Понятно, что я слегла. Полупомешанную, меня отнесли в комнату и целых
две недели кололи снотворное.
БЕЛИНДА (2)
Когда я стараниями нашего лечащего врача, господина Лозе, стала
выздоравливать, на том самом балконе с видом на океан, Мадам уведомила
меня, что Красавчик получил срок до скончания своего века.

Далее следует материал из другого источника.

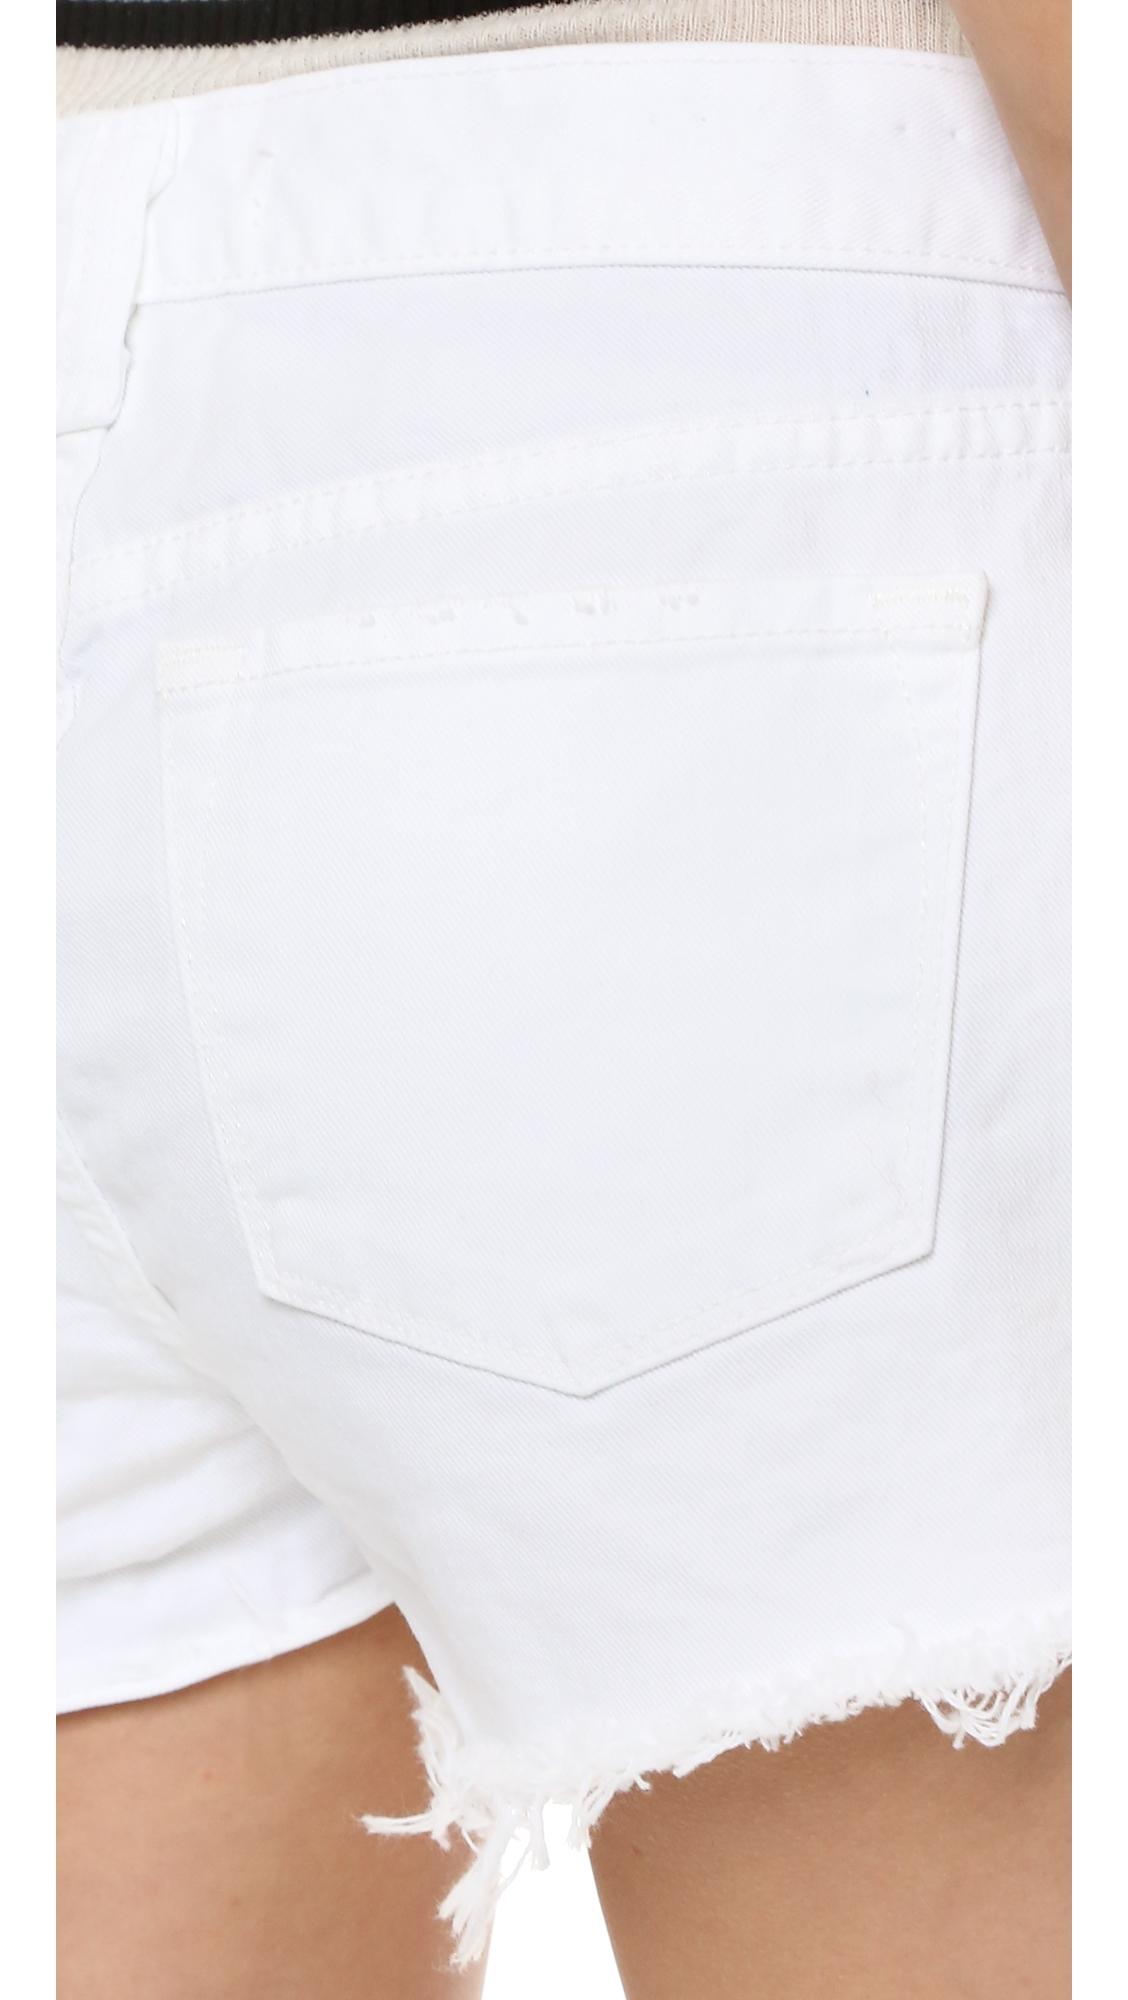 Обрезанные шорты 1046 J Brand  (JBRAN4063837780103)
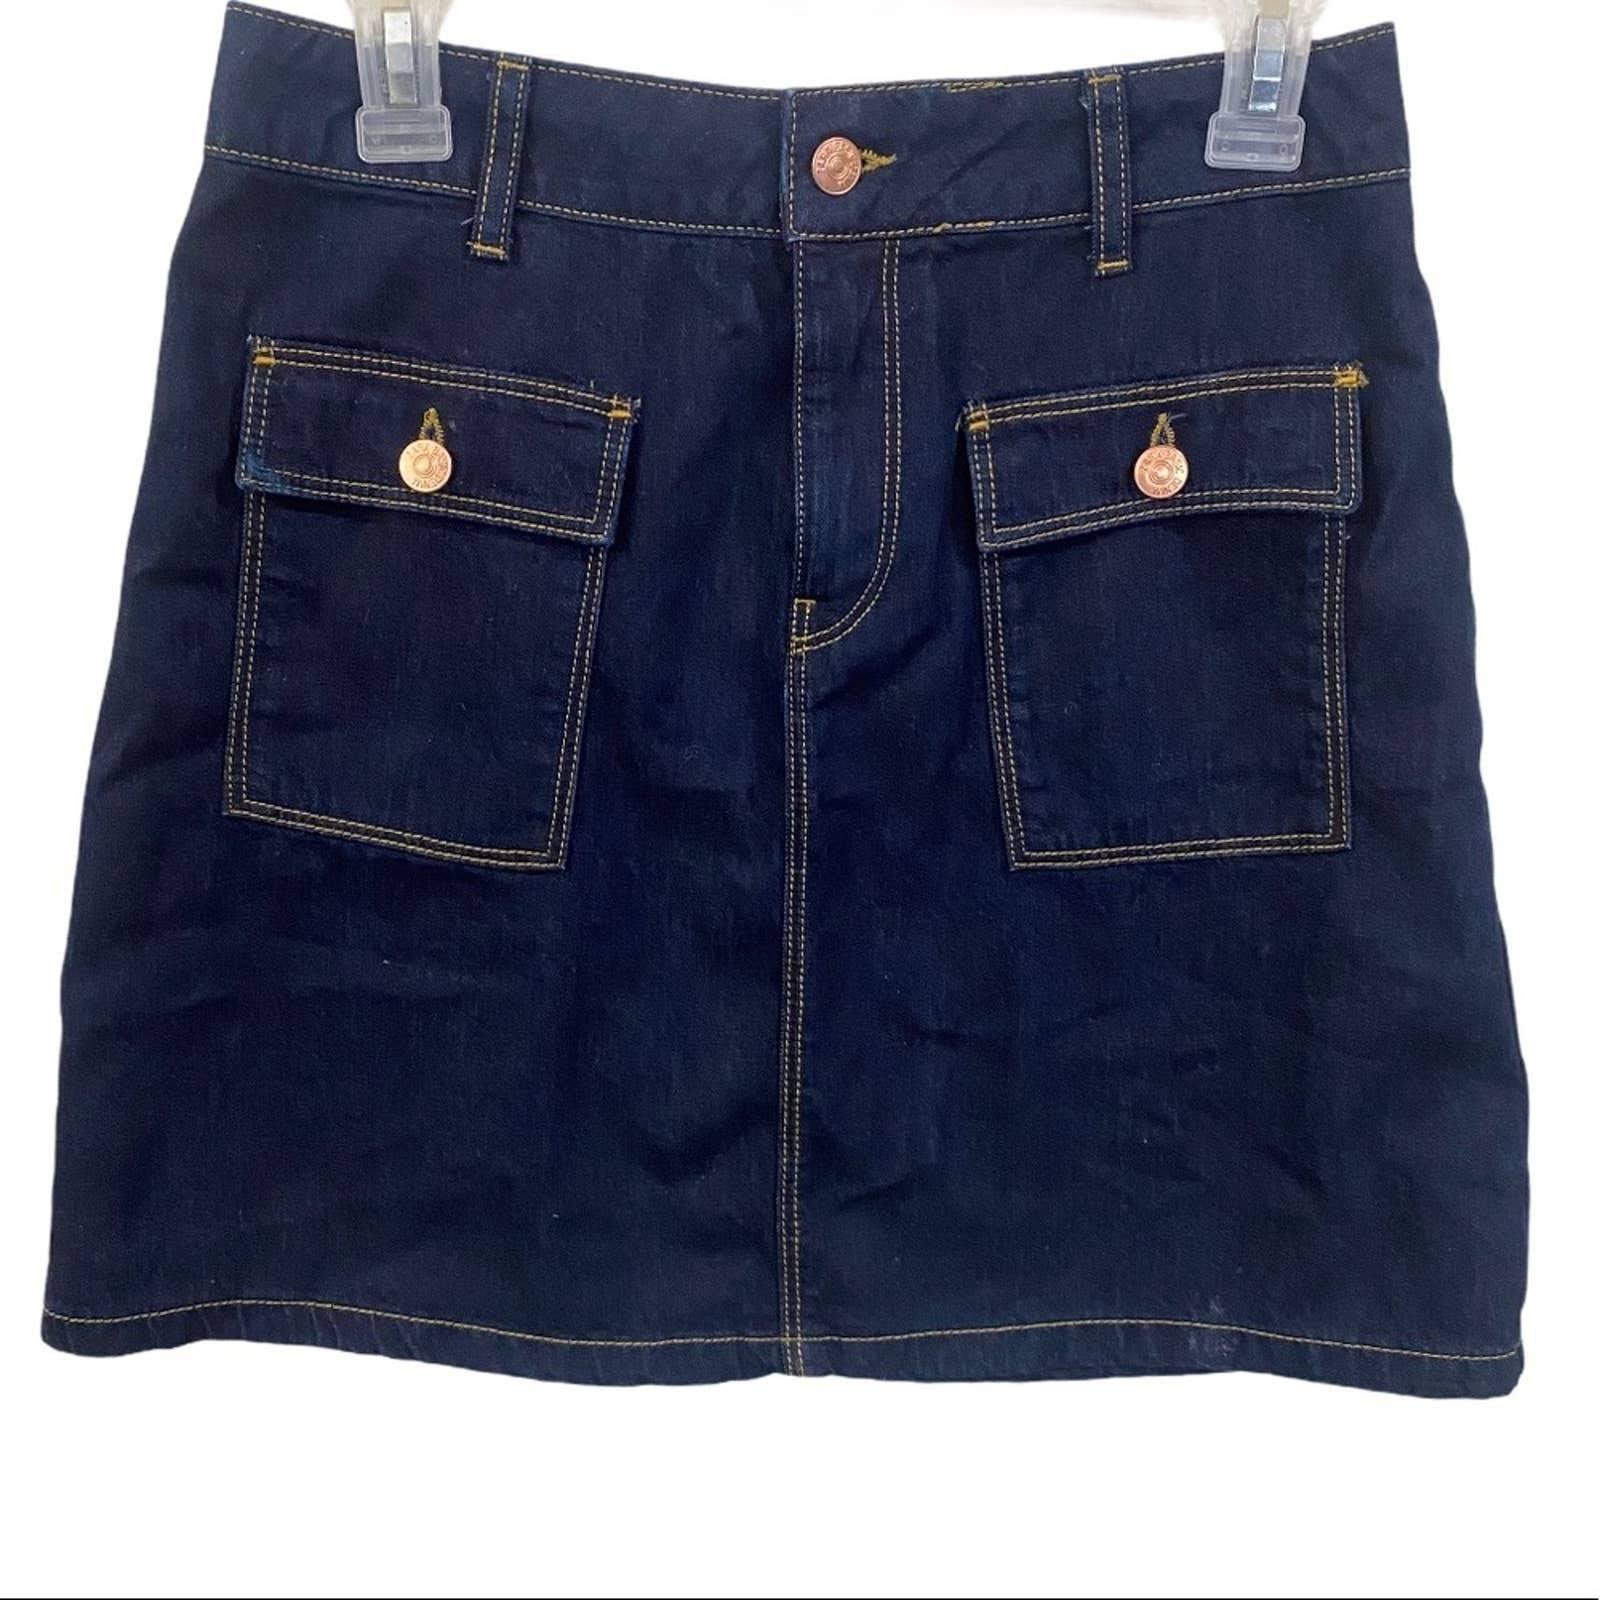 Zara pocket denim skirt size M

Сначала его посадили в крепость в Лотарингии. Вот что он написал
оттуда:
"Моя бедная Жожа!
Я такой хххх. Боже милостивый хххх. Судьба. Забудь, что хххх. Бац хххх
мою жизнь.
Твой хххх".
Потом цензура стала вымарывать все подряд. Я получала белые листки в
черную полоску.
Я стала понемногу работать, но так, без задора: от моей улыбки впору
было повеситься. Получала я теперь столько, сколько вовек не зарабатывала:
видно, подружки добавляли каждая от себя. И от этого я стала плакать еще
чаще, просто не просыхала от слез.
Молиться я сроду не умела - даже в приюте после мессы меня будили
крестом и прочей церковной утварью. Но в конце концов, когда все хором во
главе с Мадам стали убеждать меня, что своей молитвой я могу помочь
Красавчику, как-то воскресным вечером я отправилась-таки в сен-жюльенскую
церковь, поговорить со Святой Девой. Я поставила перед ее иконой восковую
свечу и сказала, что мой друг ни в чем не виноват, что благодаря ему я
попала в такое заведение, о каком и не мечтала, что он учил меня плавать,
когда мы ездили к Морским Коронам, и его заслуга тем выше, что сам он
плавать не умел, - в общем, все в таком духе. Я плакала так горько, что
Пресвятая Дева и сама прослезилась. Я просила прощения за занятия
проституцией, - что поделаешь, таково мое призвание, - и она, конечно же,
поняла меня и простила.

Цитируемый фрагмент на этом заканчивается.